Before joining Unilever five years ago, when the Hefei plant opened, Mr. Chen spent three years with General Electric and before that, six years at Procter & Gamble Co. in plant management and engineering roles.
His own story mirrors that of many of his 2,200 employees. His family lives in Shanghai, where his wife works and his daughter can benefit from a superior school system--and superior air quality. Like many of China's industrial centers, Hefei suffers from crippling air and water pollution.
He has also found Unilever is more efficient than Coca-Cola at mixing materials, while Coke has a more efficient packing system. His personal desire for a cleaner environment has led to professional efforts to clean up. Unilever has sponsored studies with a local science and technology university to identify which companies are pouring pollutants into Hefei's rivers.

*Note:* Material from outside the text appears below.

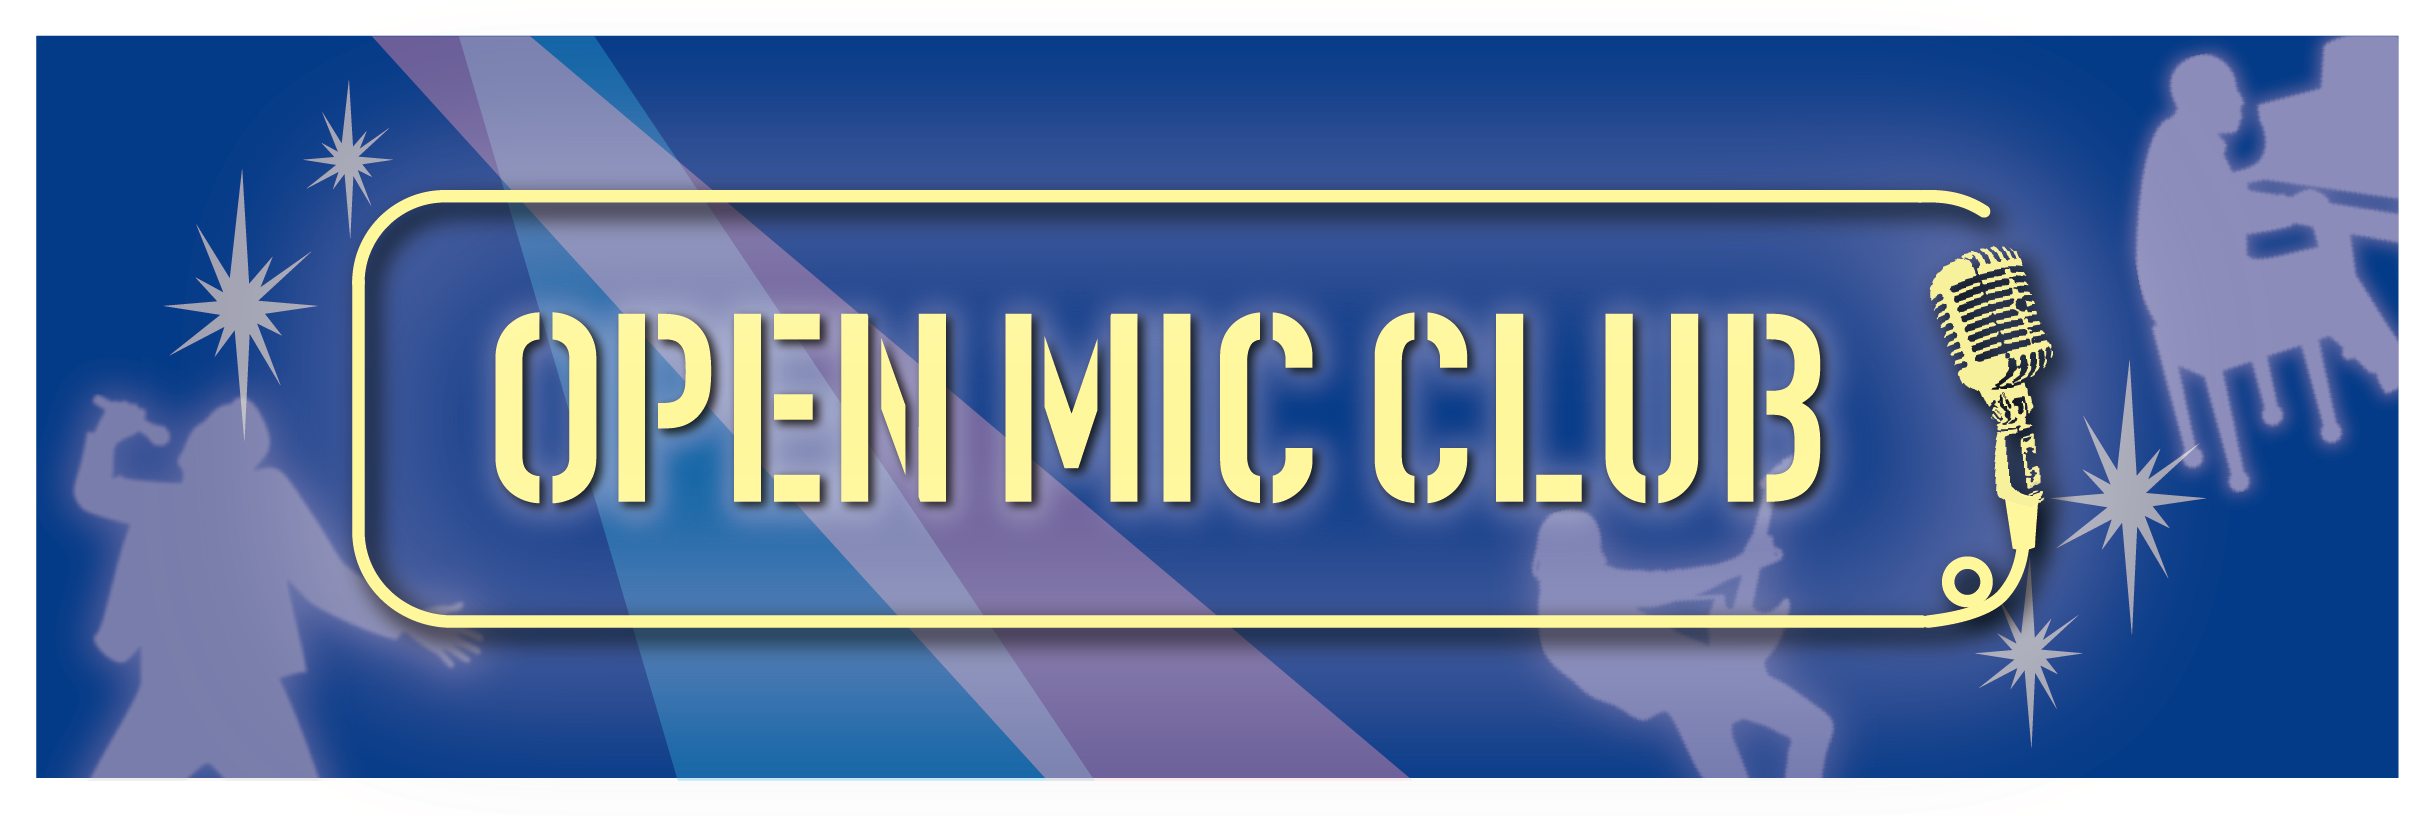 OPEN MIC CLUB開催しました！ OPEN MIC CLUB担当の竹田です！本日もOPEN MIC　CLUB開催いたしました！活動の様子をサークルレポートでお届けいたします！ 「OPEN MIC CLUB」って何？という方はこちら 「OPEN MIC CLUB」とは、みんなで楽しく音楽を歌い […]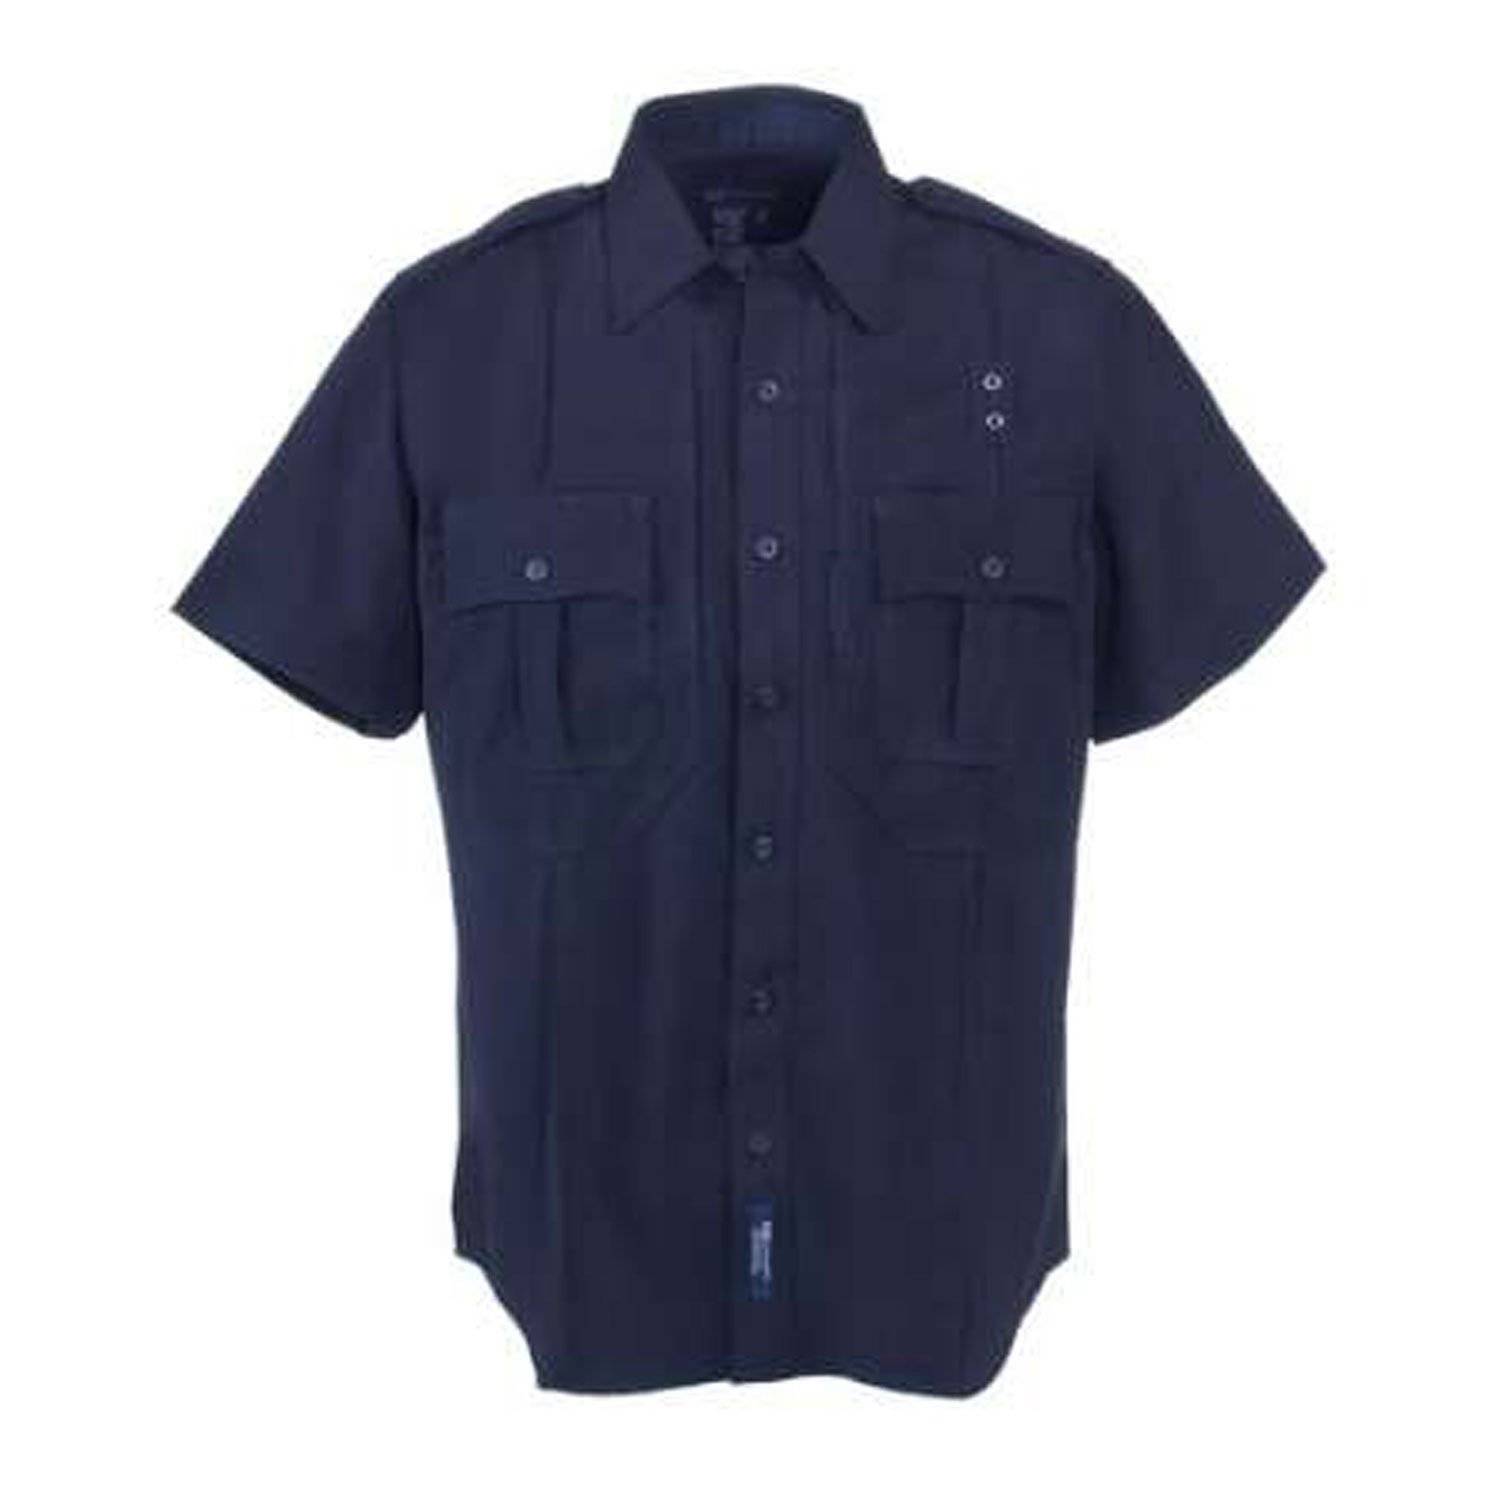 5.11 Tactical B-Class Short Sleeve Uniform Shirt

The plant's water purification system meets Unilever's global standards, which are higher than the requirements of the local government. In one of the Chinese touches dotting the grounds, like a feng shui fountain, gold fish live in the water recycling pool.
He's also talking to the managers of the Coca-Cola factory less than a mile down the road about cooperation to reduce both companies' carbon output.
"Coke handles a lot of its China distribution out of Nanjing, so they send trucks there that come back empty. Unilever sources a lot of its raw materials from Nanjing. If we can bring our supplies here in their empty trucks and share the cost, we can save a lot of fuel."
"Maybe we can learn from each other. It's still in the discussion phase but we're talking ideas," he said.
The tour ended back in the boardroom, with a chance to change back into my own clothes and shoes, and a history lesson, illustrated by some photographs of Hefei's cultural hot spots that seemed unrealistically green.
But his pride in Unilever certainly was genuine: "Lever Bros. opened its first soap-making factory in China in 1923. Today, I'm part of this journey."